Introduction
We wish to define a "measure" for all subsets of \(\mathbb{R}^d\). What are the simplest subsets for which we already have an intuitive notion of what their measure should be? Rectangles.
Define a rectangle as follows. Take two lists of real numbers \(a_1 \dots a_d\) and \(b_1 \dots b_d\), where \(b_i \geq a_i \forall i\). The closed rectangle for those two lists is the cartesian product of all the intervals \([a_i, b_i]\). The open rectangle is similarly \((a_1, b_1) \times \dots \times (a_d, b_d)\). A rectangle in general is any set that contains an open rectangle and is contained in a closed rectangle of the same intervals. (i.e., letting the brackets take on all possible combinations of open/closed).

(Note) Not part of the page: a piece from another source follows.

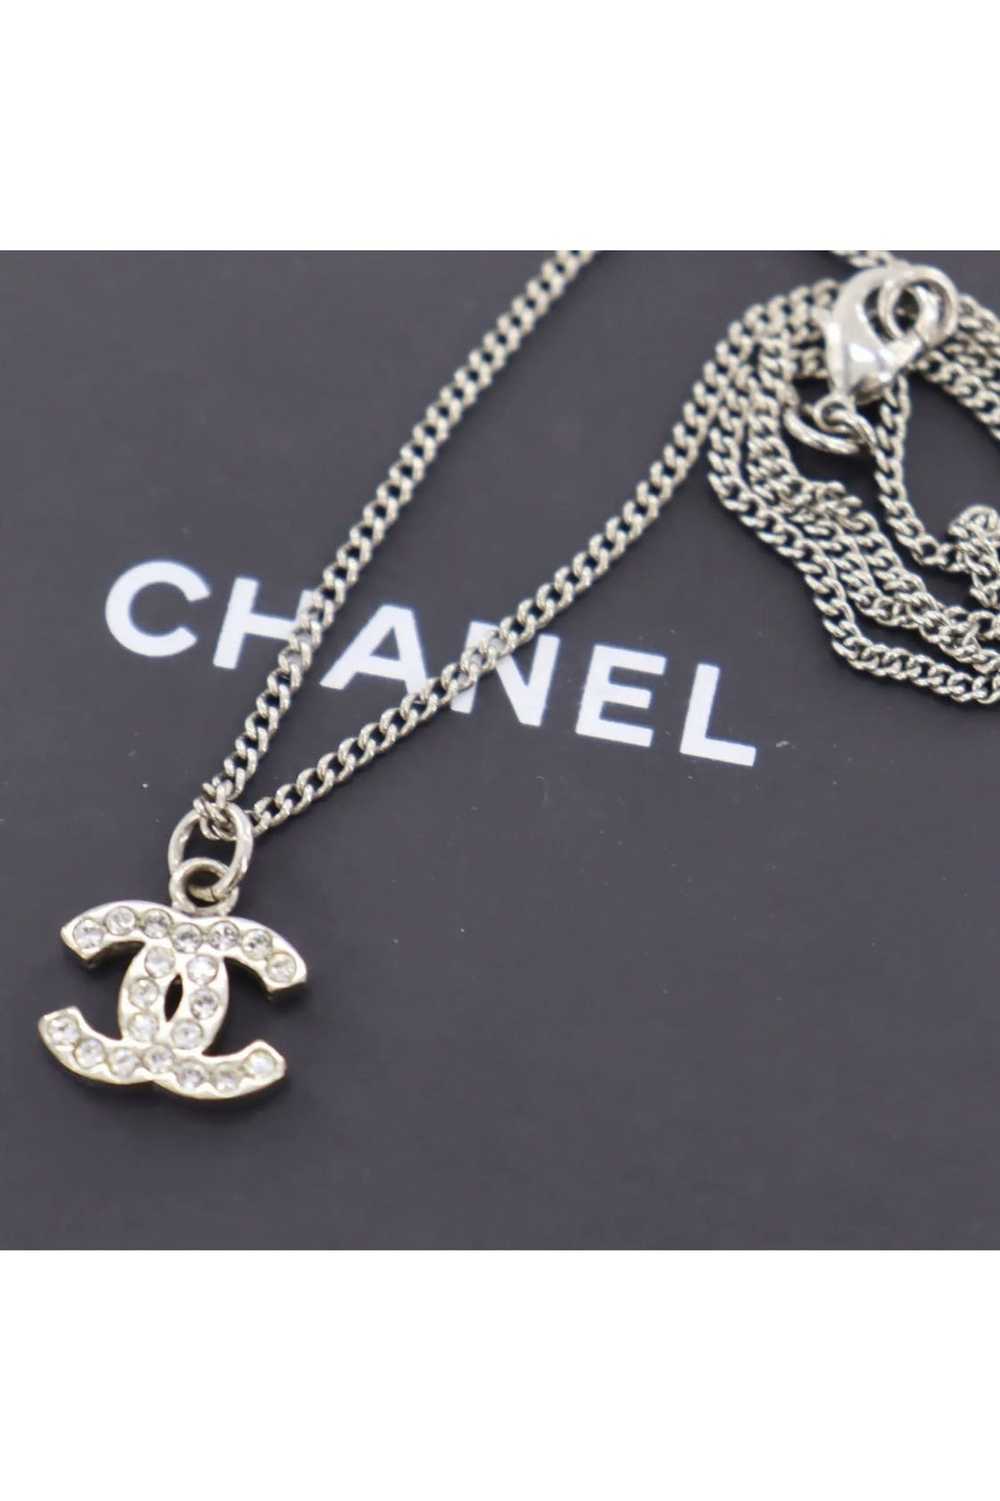 Chanel necklace -- rhinestone - Gem

A rectangle in one dimension is an interval, and a rectangle in two dimensions is the standard rectangle. Notice that we don't allow rectangles to be infinite.
For a rectangle \(Q\) that is the cartesian product of intervals with endpoints \(a_i, b_i\), we define the volume, denoted \(|Q|\) in the obvious manner: \(\prod_{i=1}^d (b_i - a_i)\)
A cube is a rectangle where all the side lengths are the same, i.e., \(b_d - a_d = \dots = b_1 - a_1\)
Then, for any subset \(A \subseteq \mathbb{R}^d\), define its exterior measure \(m_*(A)\) as follows: \[ m_*(A) = \inf\left\{\sum_{k=0}^\infty |Q_k| : A \subseteq \bigcup_{k=0}^\infty Q_k, Q_k \, \text{closed cube} \right\} \] In plain English, it's the infimum of the volume of cubes over all coverings of \(A\) by a countable number of closed cubes. To see that it always exists, consider that the cubes \([-k, k]^d\) cover all of \(\R^d\) and so will cover any subset. Based on this definition, it is worth our time to get some basic facts about rectangle coverings out of the way first.
Coverings by Rectangles
Some definitions: a set of rectangles are almost disjoint if their interiors are disjoint. That means that if you reduce each rectangle to their open version, they become disjoint. So they only "touch" at their boundaries. An almost disjoint union of rectangles is just a union of almost disjoint rectangles.
As soon as possible, we want to prove that the exterior measure of rectangles coincides with the volume we defined earlier. To that end, we'll prove the following lemma:
First, we'll discuss subdivisions of rectangles that are just grids. If our rectangle \(R\) was the product of intervals \([a_1, b_1] \dots [a_d, b_d]\), then we can partition each interval into many subintervals. More precisely, partition \([a_i, b_i]\) into \([a_{i,1}, b_{i,1}] \dots [a_{i, n_i}, b_{i, n_i}]\).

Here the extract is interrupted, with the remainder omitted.